DNA and PNA are both composed of the same nucleotides (top). But while the DNA backbone is made up of sugar phosphate molecules, the PNA has a polyamide backbone similar to that found in proteins. A chimeric primer (below) starts with a few units of PNA (red) followed by DNA (blue), which together bind to a target string of DNA (black).
On rare occasions, all-DNA primers sometimes bind to the wrong spot on the target molecule. For a number of complex reasons, the PNA-DNA primers generate fewer binding errors. Such specificity is important if you're trying to tell, say, whether a sample contains anthrax or Bacillus thuringiensis kurstaki, a common insecticide that is often mistaken for anthrax.

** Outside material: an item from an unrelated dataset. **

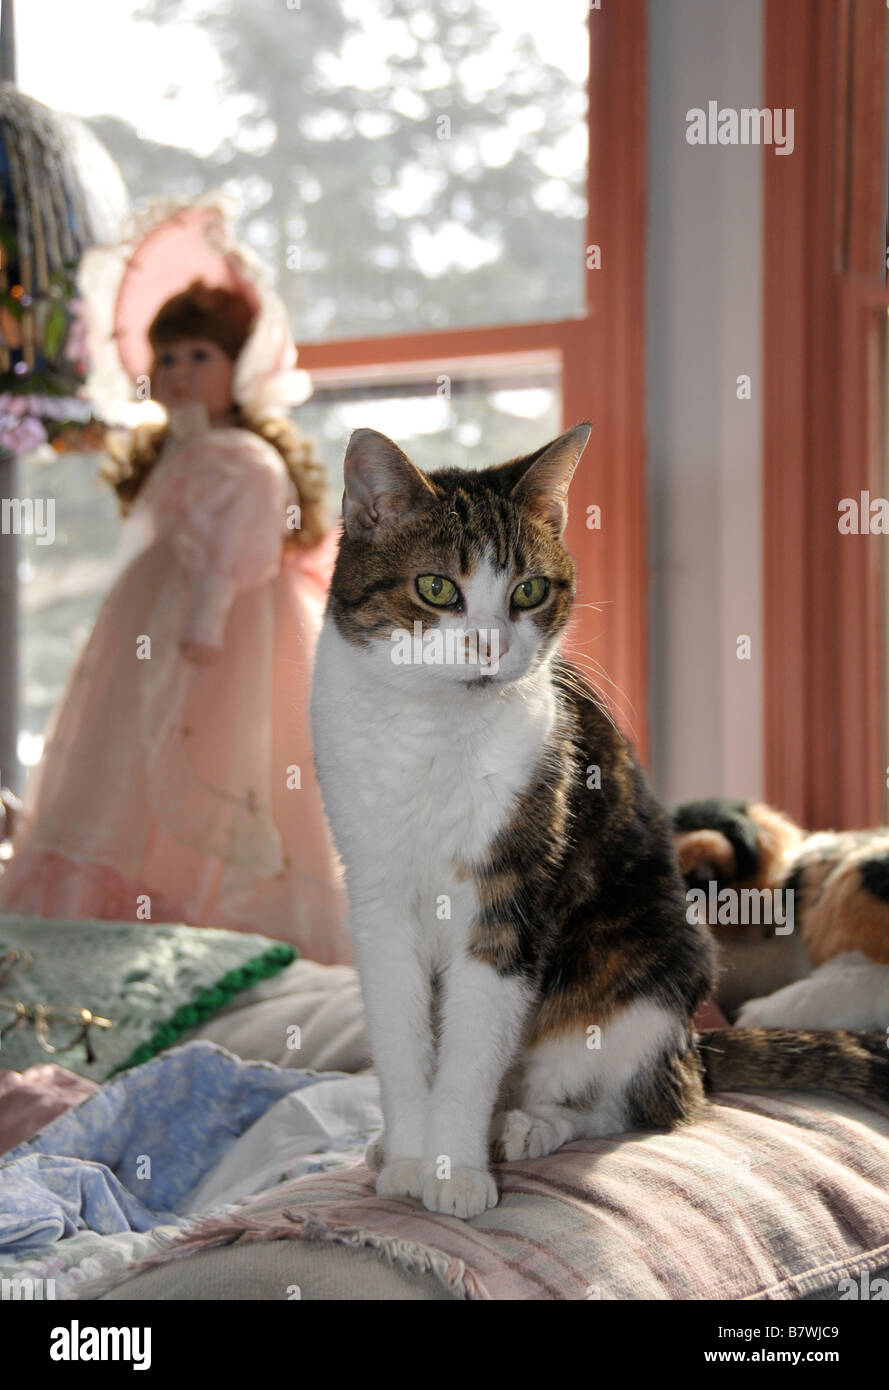 Calico cat sitting near window. Stock Photo

Because the PNA at the head of the primer isn't charged, it's much less sensitive to salt levels in the sample, whereas traditional PCR won't work unless the salt concentration is just right. PNA’s electronic neutrality also makes the reaction less sensitive to pH levels. Thus preparatory steps to get salt and pH levels just right are no longer needed, and the samples can be much less pure. A sample requiring PCR amplification is commonly treated by using DNA purification kits, which remove extraneous proteins and other material that might interfere with the amplification process. The chimeric primers don't need that step. The group tested samples with 100 milligrams of soil to a milliliter of water, in which all-DNA primers don't work at all, and found the chimeric primer produced results almost as good as in a pristine sample. This insensitivity of the process to sample purity increases testing speed while cutting costs. The process also worked in a drop of blood only slightly diluted with water; such a sample would stymie normal PCR because of salts and other components in the blood. Moreover, the PNA renders the primer unrecognizable to DNases and proteinases—that is, the enzymes that break down natural DNA and proteins. Again, it's the nonstandard backbone that accounts for the difference. With fewer molecules attacking the primer in the blood sample, more of it survives to find the target DNA, making the test more sensitive. In tests, the group found that, depending on the type of sample, their PNA primers cut prep time approximately in half and cut costs by two-thirds.
The PNA system has appeal for military and homeland security uses, but it could also be developed for food safety and environmental testing, or even medical diagnostics, the researchers say. They're hoping for funding to test the PNA method for other types of targets. For instance, they haven't yet shown that it can work in the reverse-transcription PCR assays required to detect RNA. But they see no reason that a chimeric primer wouldn't work there, too. "If you could do that, you could do HIV detection in blood without sample preparation," says Bortolin, who is currently a principal research scientist at Syracuse Research Corp. "That would be tremendously useful." It could mean a test in a doctor's office could detect actual virus in a few minutes, whereas today's quick tests can find only antibodies.